00:14 PETER HALSTEAD: We each find our own machines. Science fiction starships that extend our dreams. That remove us from time and space, so that a concert, our souls, are both now and forever. If a tree falls in the forest, and you have a Nagra tape recorder, it falls forever. Machines let us preserve our souls in a way that wasn’t possible to our parents and our grandparents.
00:49 My first machine was the Victrola, the Victor Talking Machine. Victor was sold to RCA in 1929. The machine was the size of a hatbox, which played scratchy Strauss waltzes from heavy 78 rpm vinyl disks while my family ate dinner every night. We changed disks for every new waltz.
01:21 My second machine was a piano. My father was horrified that my grandfather had given me something as large as a car which I used to make noise: a Chickering grand piano, on which I pounded out octaves and scales and Beethoven Sonatas six hours a day. I can imagine this must have been a nightmare for a man like my father who had no love of loud sounds. But he actually put up with it, and with the Strauss waltzes.
01:55 My grandfather had also given me a Norelco tape recorder and a cheap microphone which I used to record my first composition, a piano concerto, which I played on the Chickering. My concerto sounded suspiciously like the Warsaw Concerto by Richard Addinsell. (The really bad parts were entirely by me.) The Norelco sounded tinny, but it opened up a new world for me.
02:26 My first car was a total lemon, as were all the cars I bought for many years.
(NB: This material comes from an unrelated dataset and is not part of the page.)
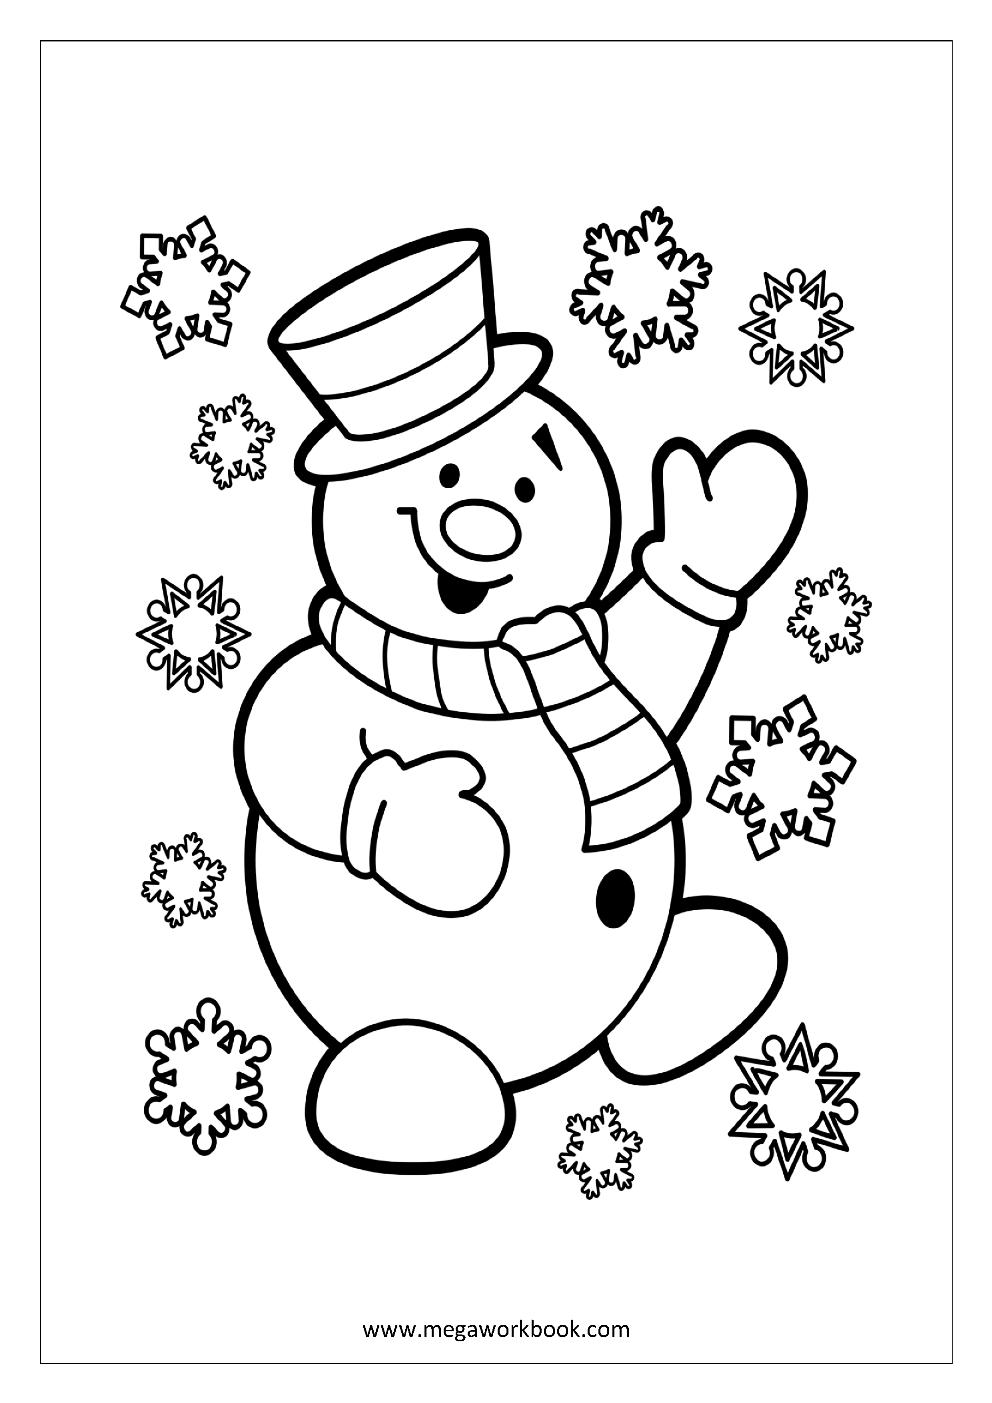 Winter und Schnee Weihnachten Malvorlagen Free

It’s only occurred to me now that that’s why they were such bargains: they came broken. When you get your first car, you basically live in it. I visited everyone I knew. I spent so much time in the car, I decided I needed to have a stereo in it. But my jalopies were too old to have car stereos, so I hooked up a cassette machine on the front seat to giant loudspeakers which I placed on the back seat. I mainly played the Beach Boys, Gene Pitney, and Roy Orbison. The speakers got soaked with dew during the night, and it took them three hours to thaw out each morning. I initially got the wiring wrong and the dashboard started to smoke and then burst into flames while I was driving. Some drag racers had flames pouring out of their mufflers. I had flames pouting out of my dashboard. It was a hot car. In a good way.
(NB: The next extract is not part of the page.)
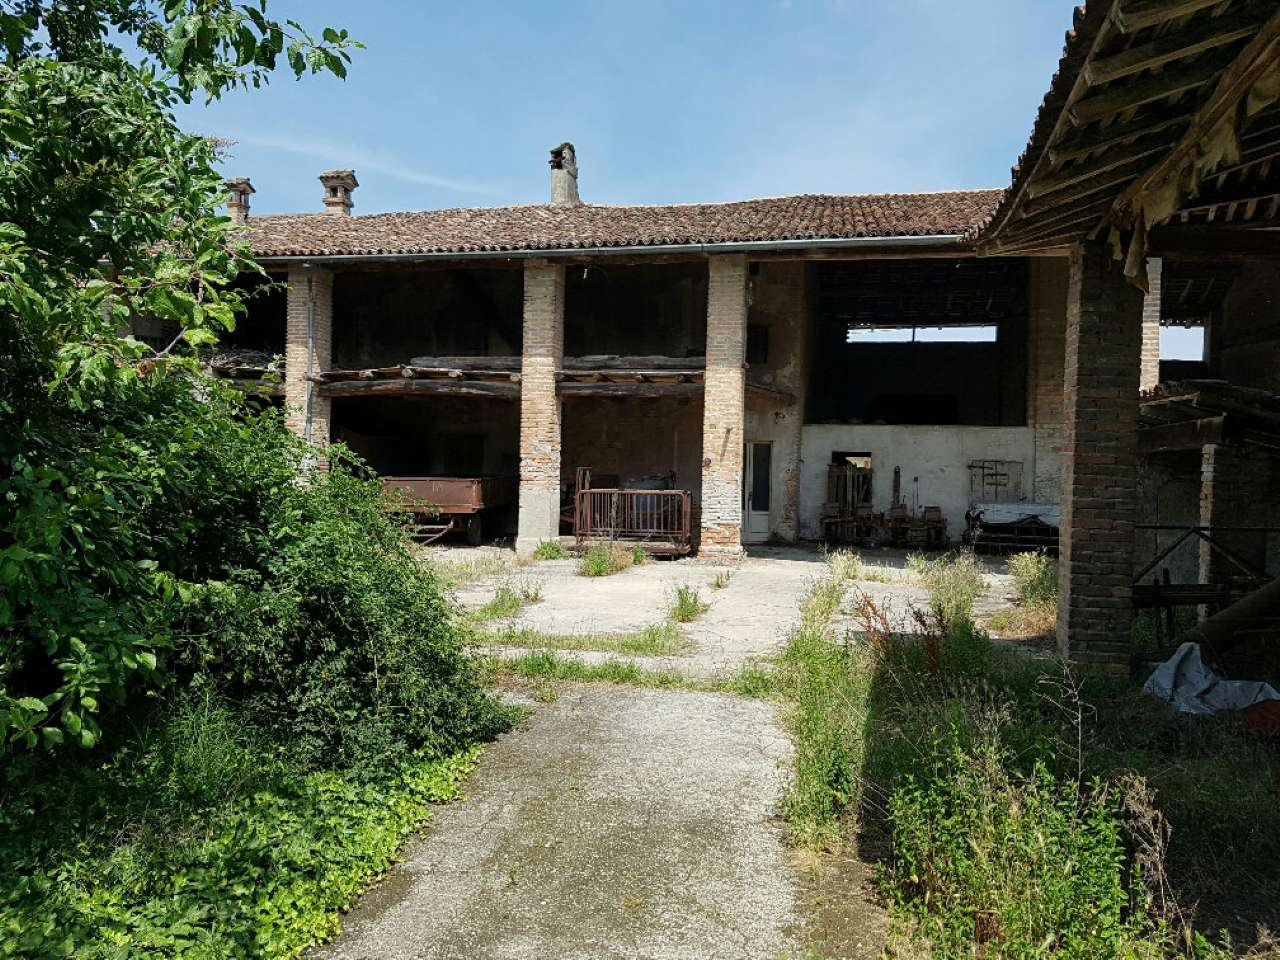 Rustico / Casale in vendita a Cremosano, 8 locali, prezzo € 100.000 | CambioCasa.it

03:30 In 1969 I moved into my first apartment, which was in Boston. My friend Peter Van Etten told me about The Music Box in Wellesley, which was reputed to have been the first h-ifi store in the country. The very personable owner, Bill Bell, was big on Klipsch speakers; I still use the Klipsch Cornwall speakers I got from him, which used horns rather than cones to produce sound. Horns bring out the mid-range of notes, so pianos and voice and instruments all sound like they’re brought forward in the music.
04:09 Bill thought I should also have a tape recorder and a microphone. It was a Tandberg reel-to-reel and an inexpensive Sony condenser mic. With this primitive setup, I recorded Russell Sherman, who became my piano teacher, playing Bach in my aparetment. By that time I had bought a 1928 Steinway piano. I had friends at the New England Conservatory, pianists and violinists, who needed audition tapes to apply for jobs, so I would record them on the Tandberg and then hand them the tape. My Tandberg had two reels of skinny, fragile tape, a quarter of an inch wide, which ran around the spools at seven and a half inches a second. Something like that is just asking for trouble. When the tapes broke you just scotch-taped them back together. If you didn’t do it smoothly, you’d hear a click when you played the tape back. It wasn’t ideal.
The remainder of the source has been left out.